In 1911 Maugham left the theatre temporarily to write Of Human Bondage, correcting the proofs while serving as an ambulance driver in France during the Great War. In 1915 he was recruited into Military Intelligence, and sent to Geneva; when his tour of duty ended, he travelled to the USA and then to Tahiti in the company of Gerald Haxto, his long-term companion and secretary. On his return, despite the blossoming of his relationship with Haxton, he married his mistress, Syrie Wellcome. Recruited once more into the Secret Service, Maugham travelled to Russia. After the war, Maugham continued to travel and write. The Moon and Sixpence (1919), an exploration of the creative genius, based on the life of Paul Gaugui, confirmed his reputation as a novelist, and headed the long list of works inspired by the author's travels in the South Seas. The Trembling of a Leaf (1921) was his first, highly popular collection of stories of the Far East, and The Painted Veil (1925), a story of adultery and redemption, was set in Hong Kong. In 1927 Maugham and his wife were divorced and he went to live in the Villa Mauresque on Cap Ferrat, the narrow peninsula between Nice and Monte Carlo.

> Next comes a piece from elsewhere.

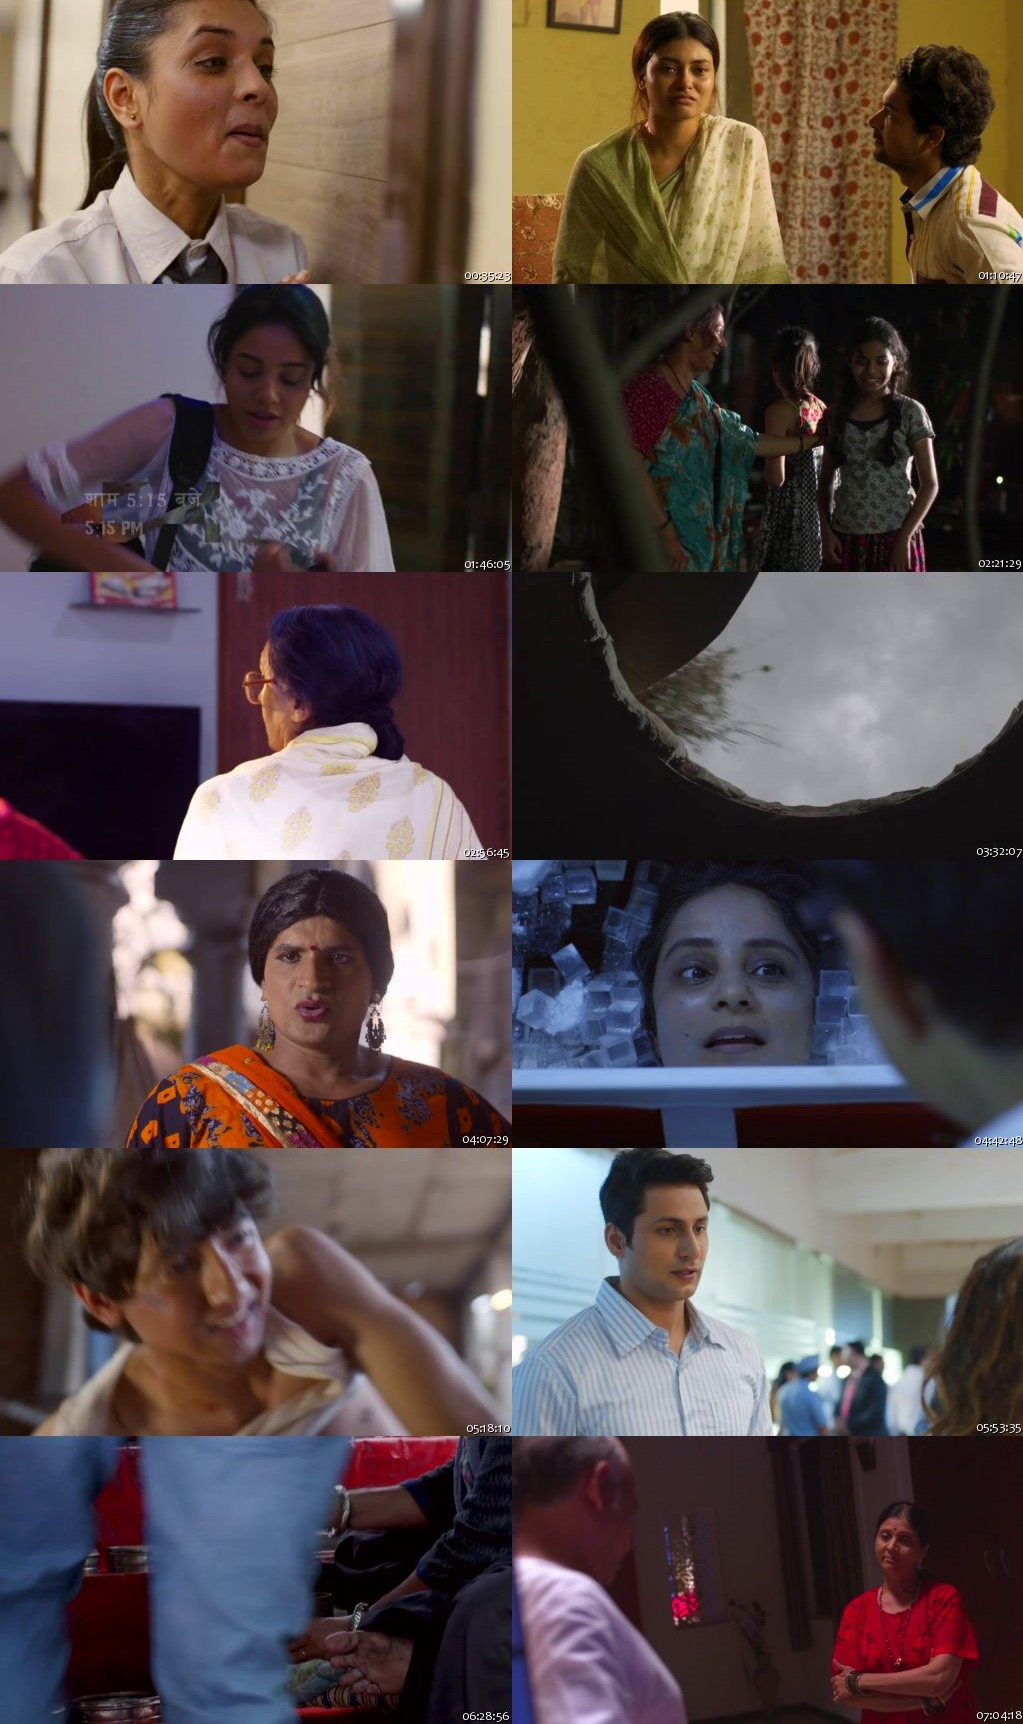 Indias Most Sansanikhez Kahaniyan 2021 All Episodes HDRip 720p Season 1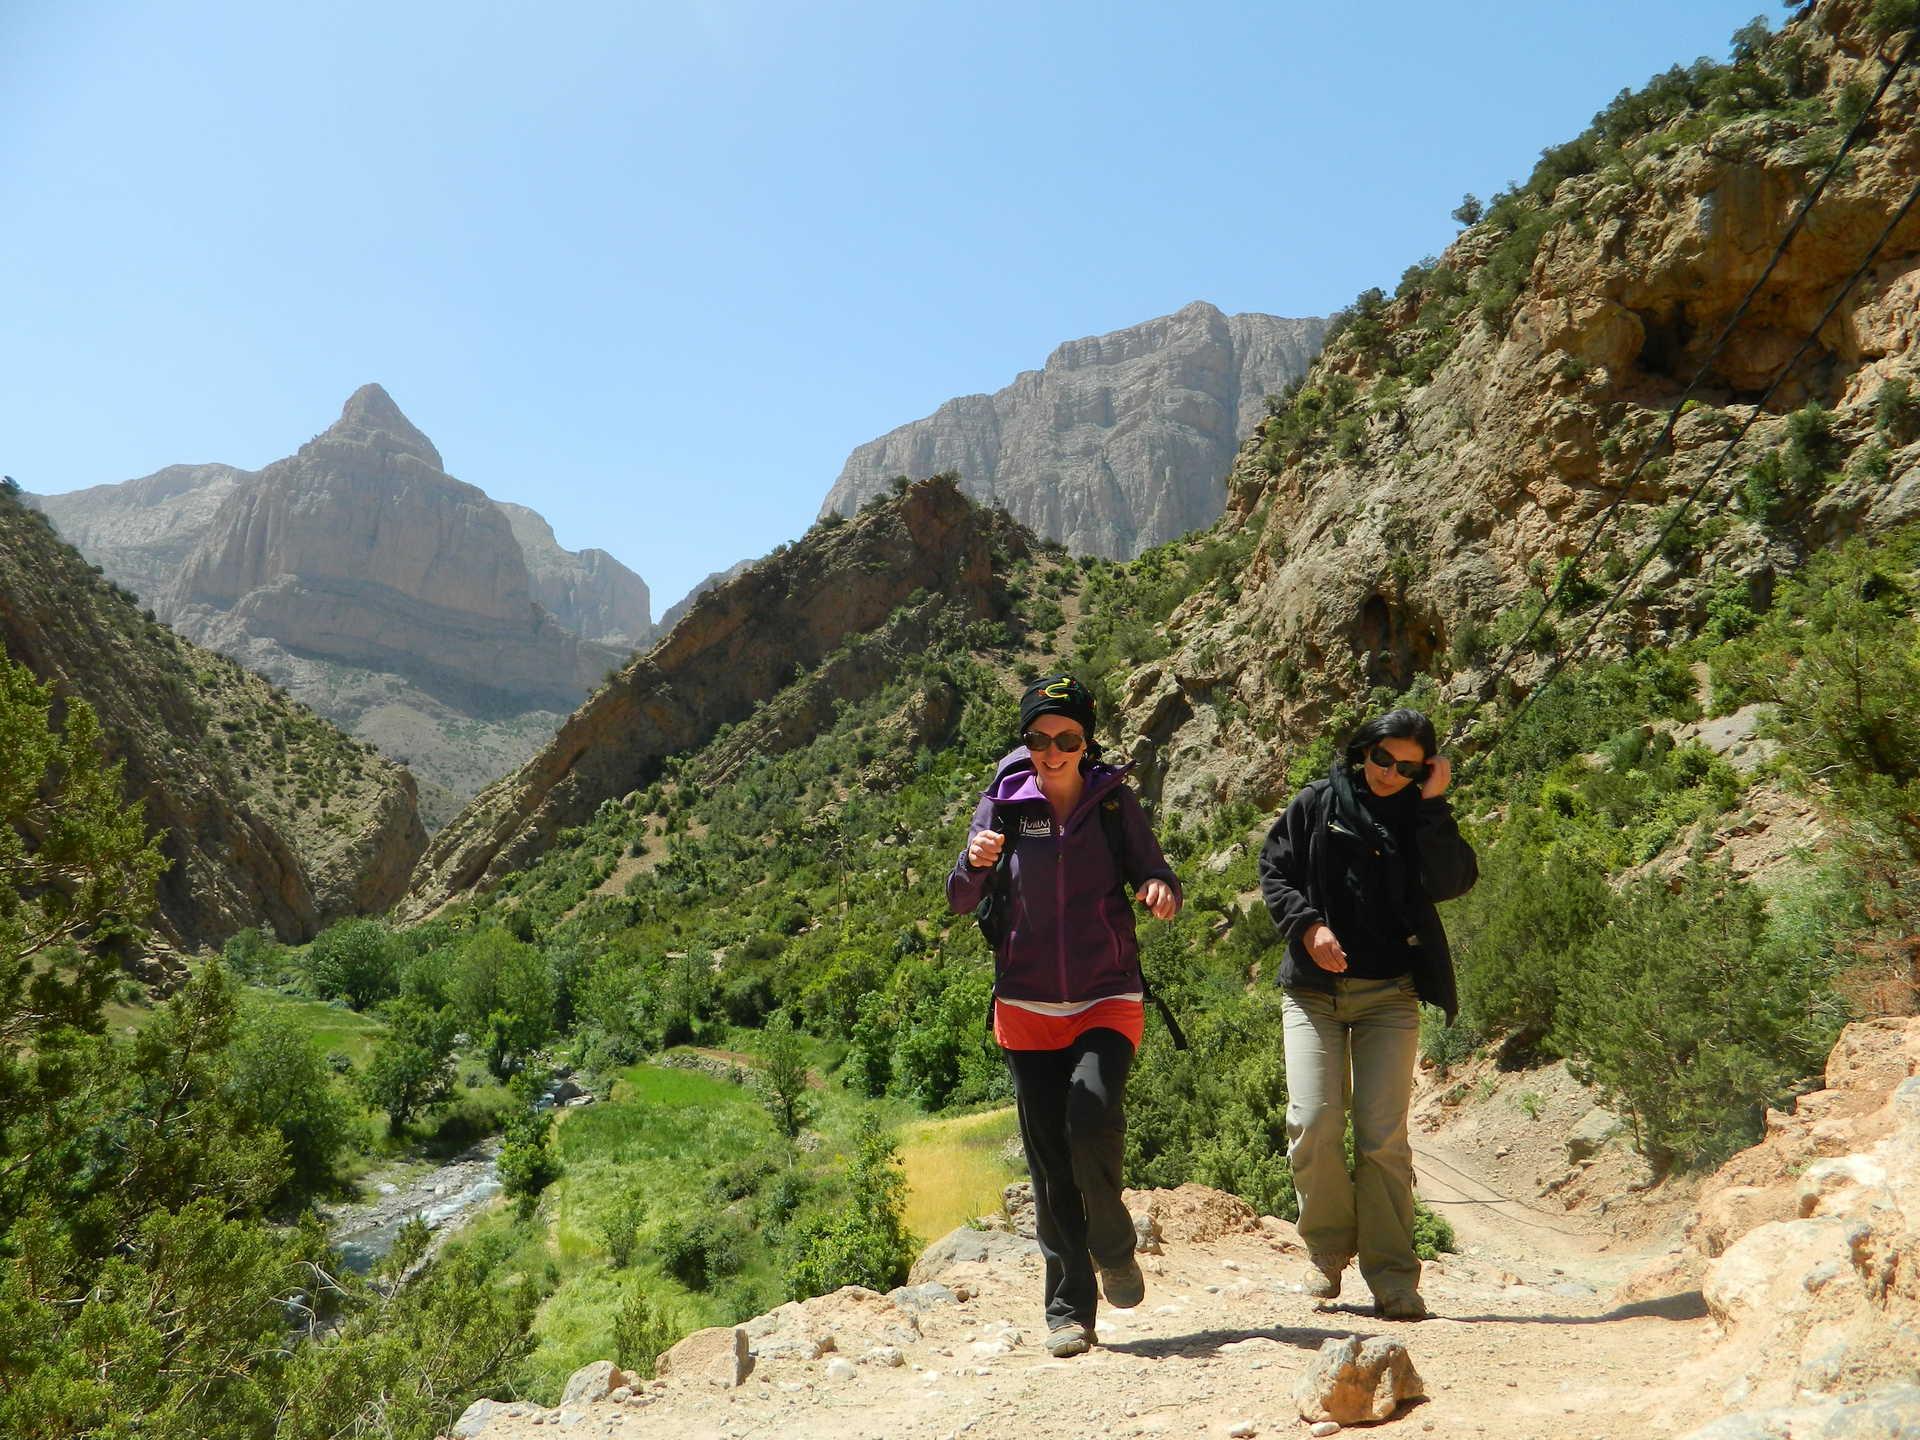 Dolomites marocaines, cirque de Taghia, Maroc

This beautiful and luxurious villa, filled with works of art, was to become one of the Riviera's great pilgrimage points, where social and literary celebrities were entertained in Maugham's exacting style. On the gatepost was inscribed a Moorish device against the evil eye which his father had brought back from abroad, and which appears on the covers of the uniform edition of his works.
In 1928 Ashenden, the cycle of stories based on his war experiences, was published. The urbane narrator, Willie Ashenden, became a kind of alter ego for Maugham and reappears in other writings, including Cakes and Ale (1930). This witty and moving novel was followed by a stream of successful but less exceptional publications which, like so much of his work, pleased the public but not the critics. Despite his unrivalled position as the most popular and financially successful writer of his time, Maugham never enjoyed critical acclaim. His middle-brow label adhered, due in part to a verbal predictability and shallowness of characterization, but also perhaps to his unrivalled readability.
With the outbreak of the Second World War, Maugham left France and stayed in the USA. During this time The Razor's Edge (1944) was published, and filmed in the following year. In 1946 he returned to the Villa Mauresque. Gerald Haxton had died in 1944, and his place was taken by Alan Searle who would stay with Maugham until his death. The author's later life was enlivened by the making of film versions of some of his excellent short stories, Quartet (1948), Trio (1950), and Encore (1951), introduced by the author in person. He was made a Companion of Honour in 1954, and in 1962 he published Looking Back, a volume of memoirs which contained a vindictive and pointless attack on his deceased ex-wife, and which lost him many friends.